> **Your objective**
Exclude the pictures, and otherwise reproduce the data in full.

> **Exercise data**
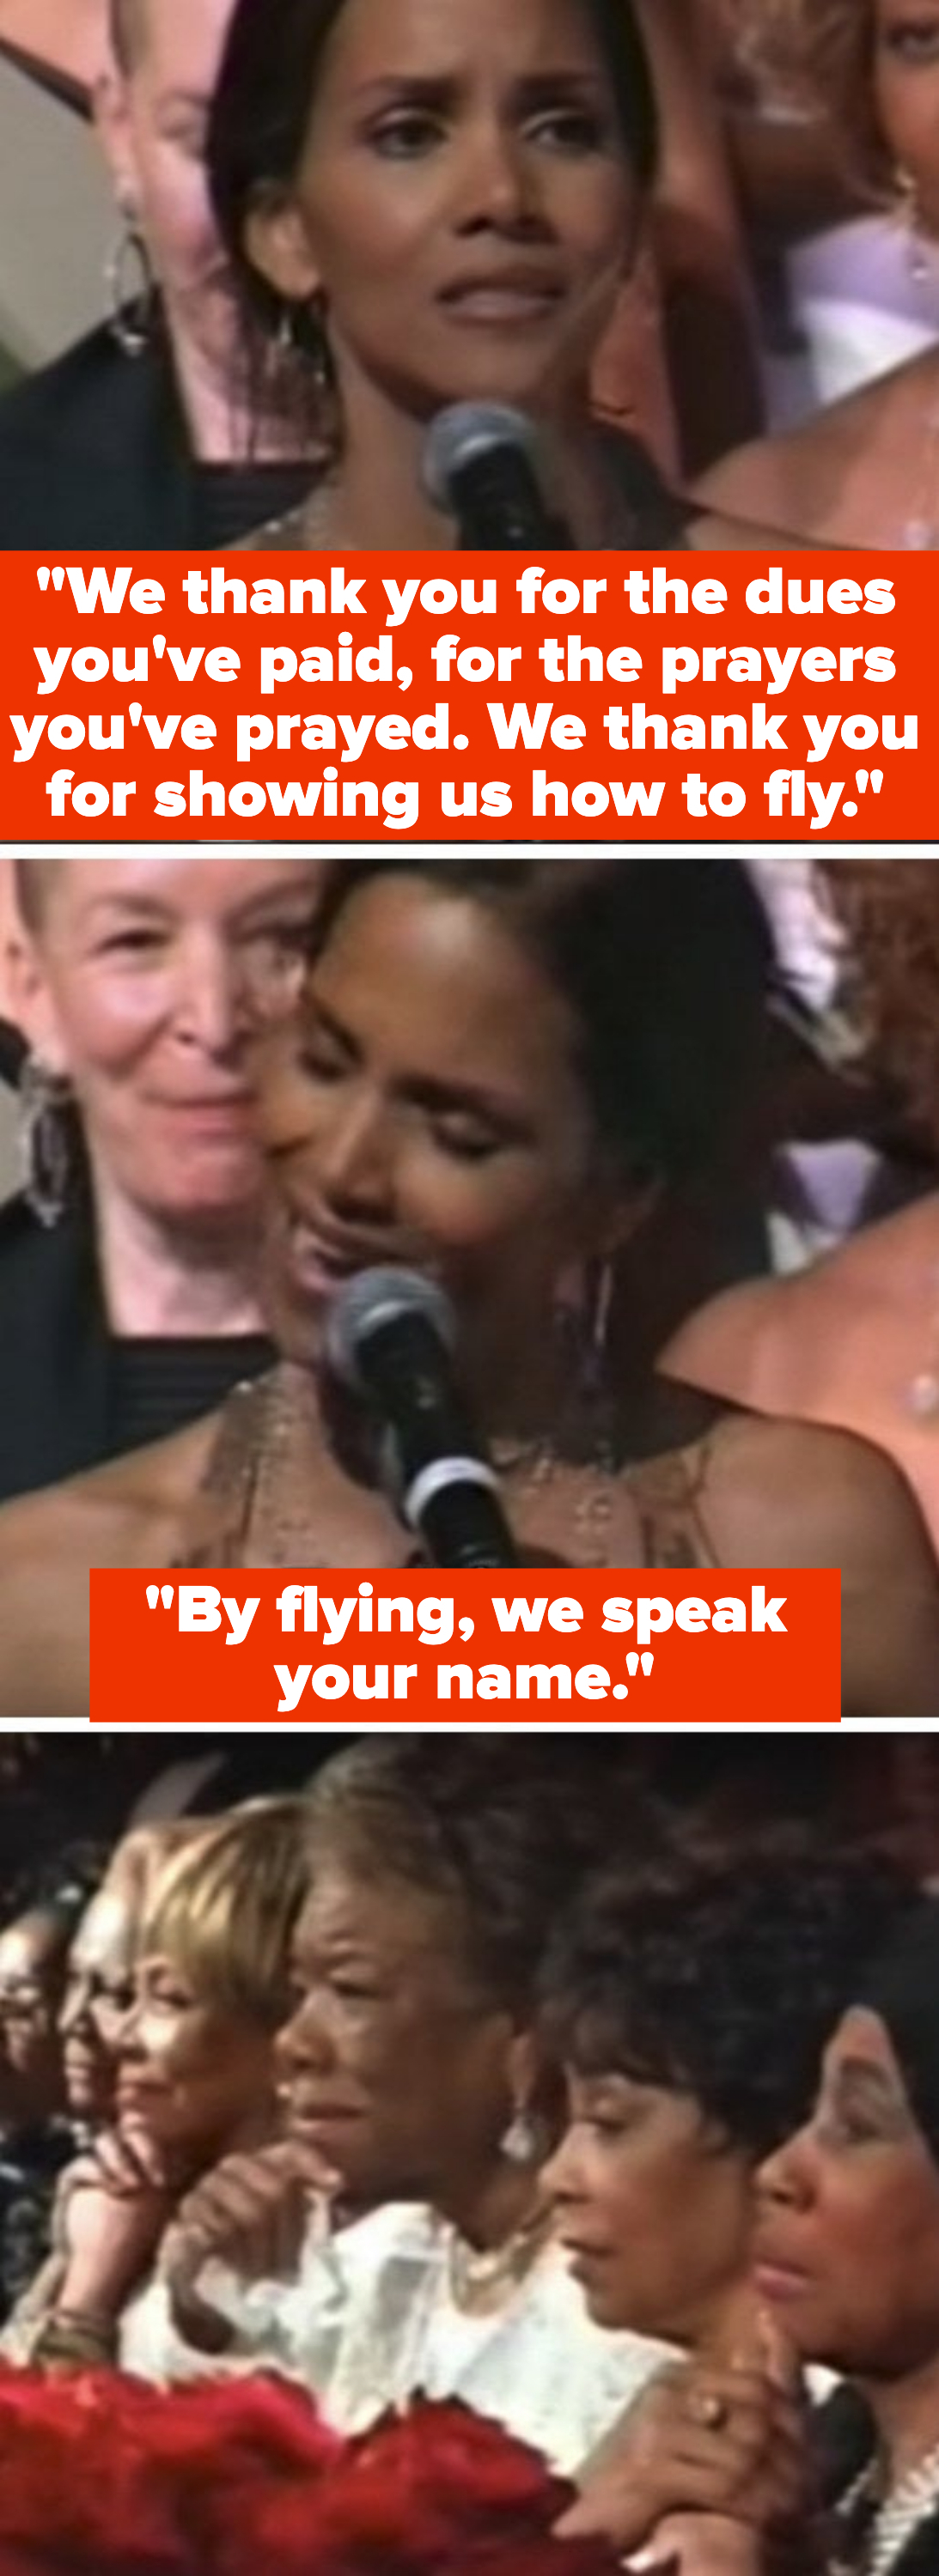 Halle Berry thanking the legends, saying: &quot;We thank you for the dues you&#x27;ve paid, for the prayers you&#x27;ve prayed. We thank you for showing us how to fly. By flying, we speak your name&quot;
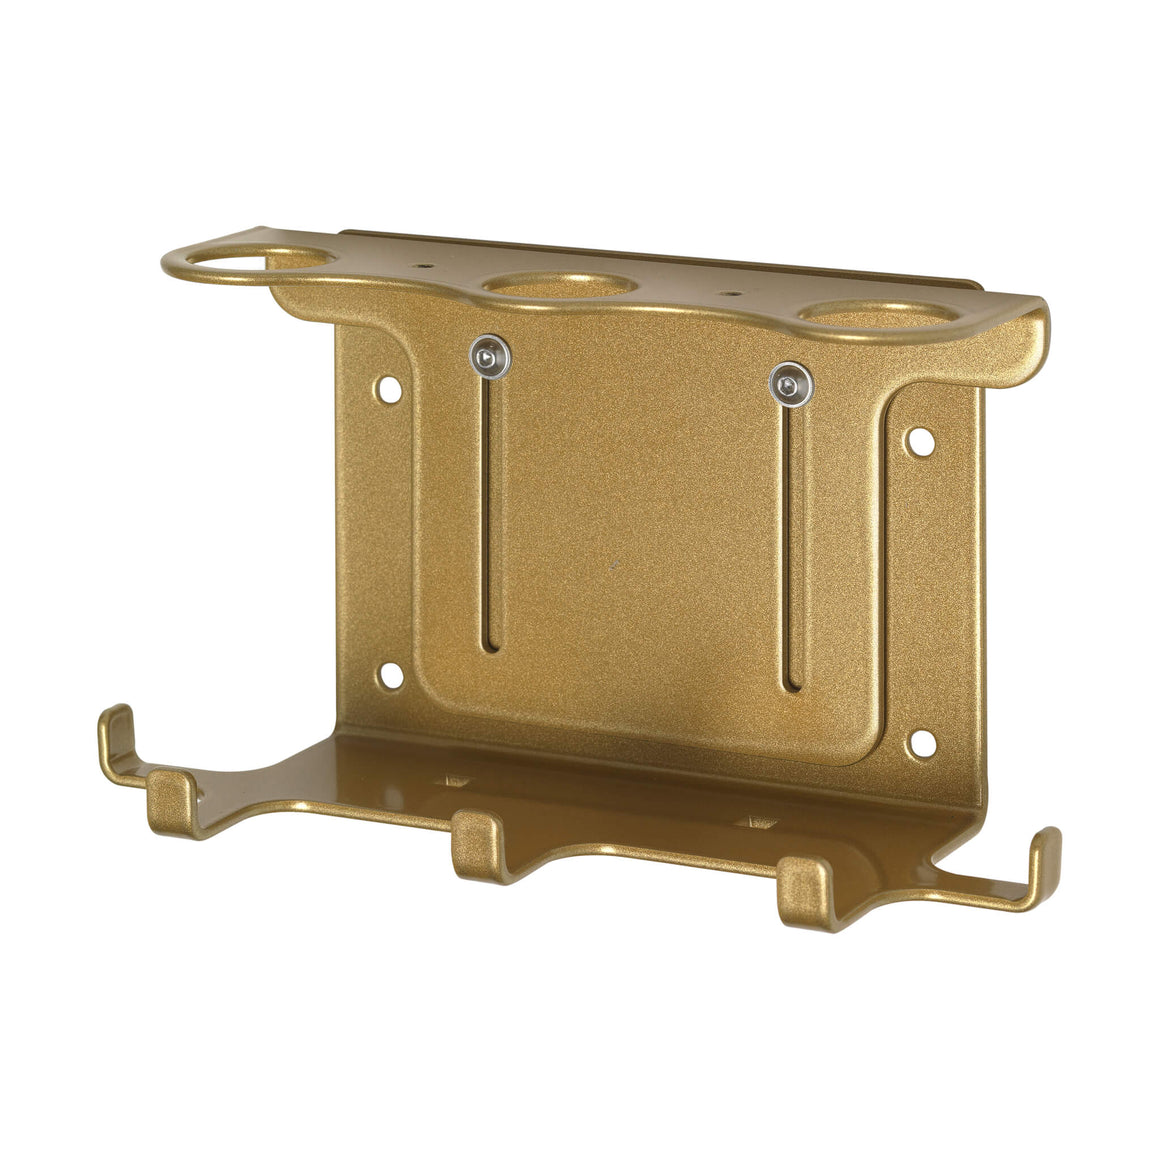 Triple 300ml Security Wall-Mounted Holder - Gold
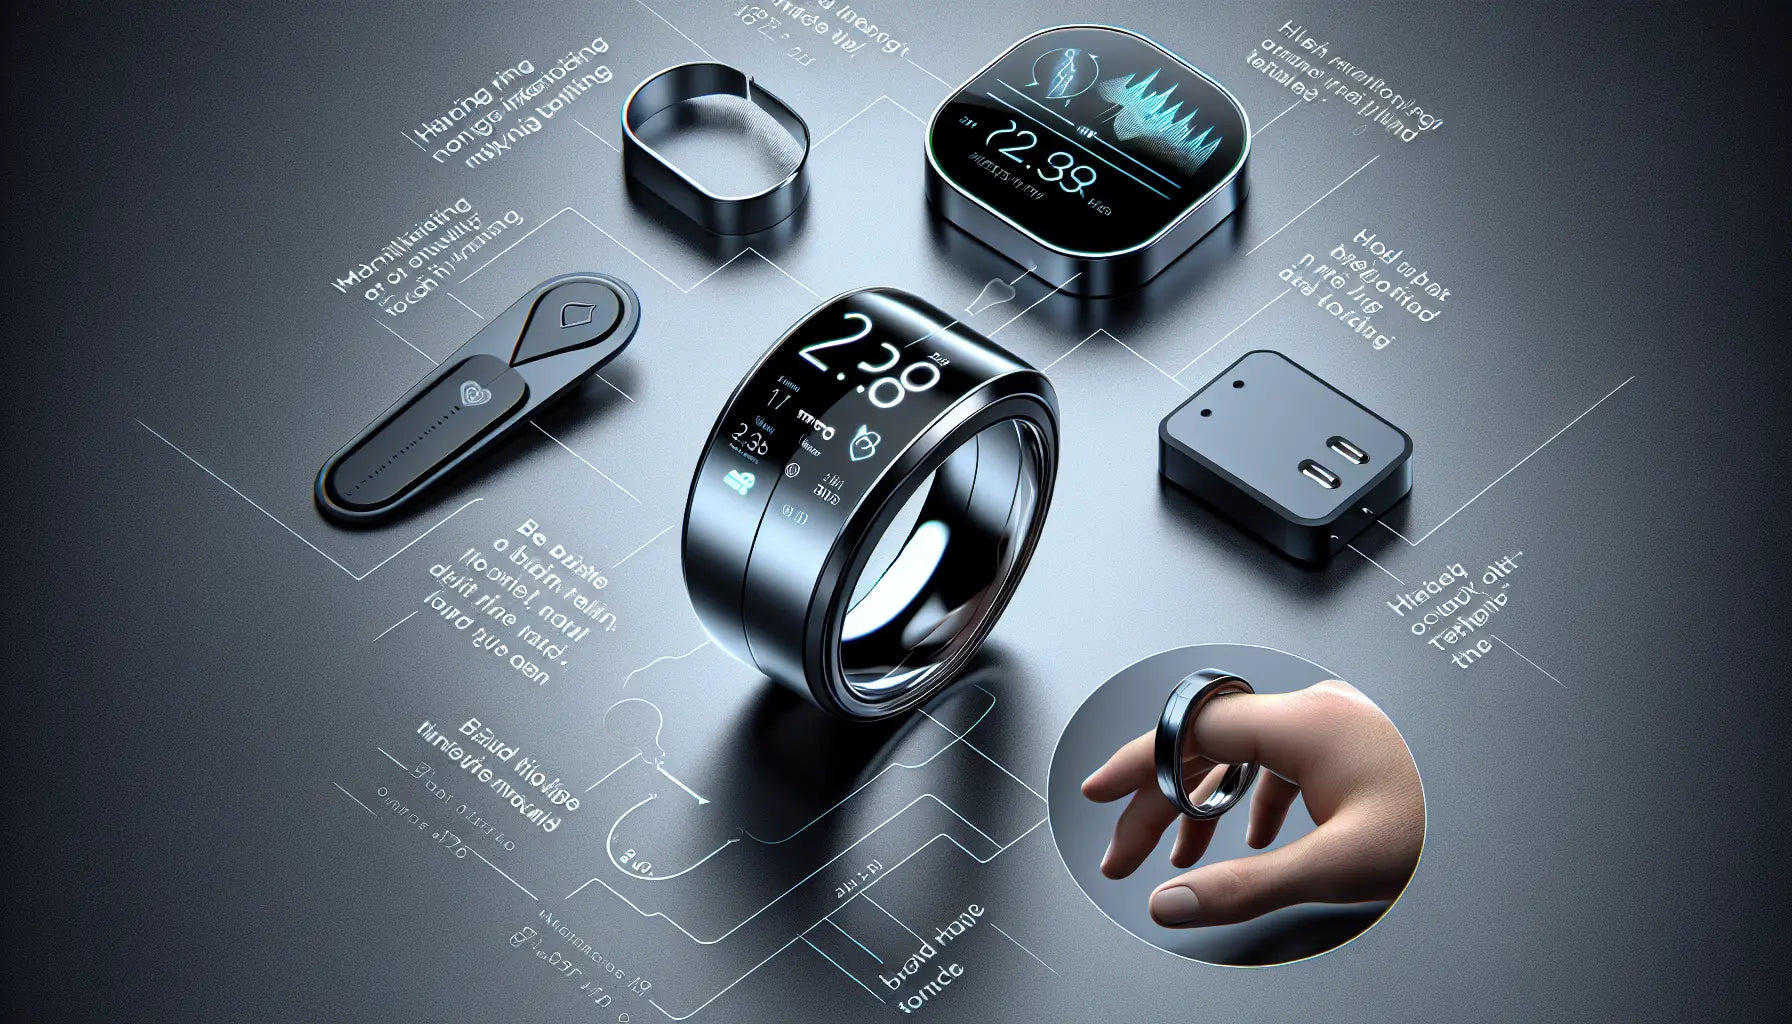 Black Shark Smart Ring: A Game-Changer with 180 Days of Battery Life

> **Solution to the problem**
 Halle Berry thanking the legends, saying: &quot;We thank you for the dues you&#x27;ve paid, for the prayers you&#x27;ve prayed. We thank you for showing us how to fly. By flying, we speak your name&quot;
 Triple 300ml Security Wall-Mounted Holder - Gold
 Black Shark Smart Ring: A Game-Changer with 180 Days of Battery Life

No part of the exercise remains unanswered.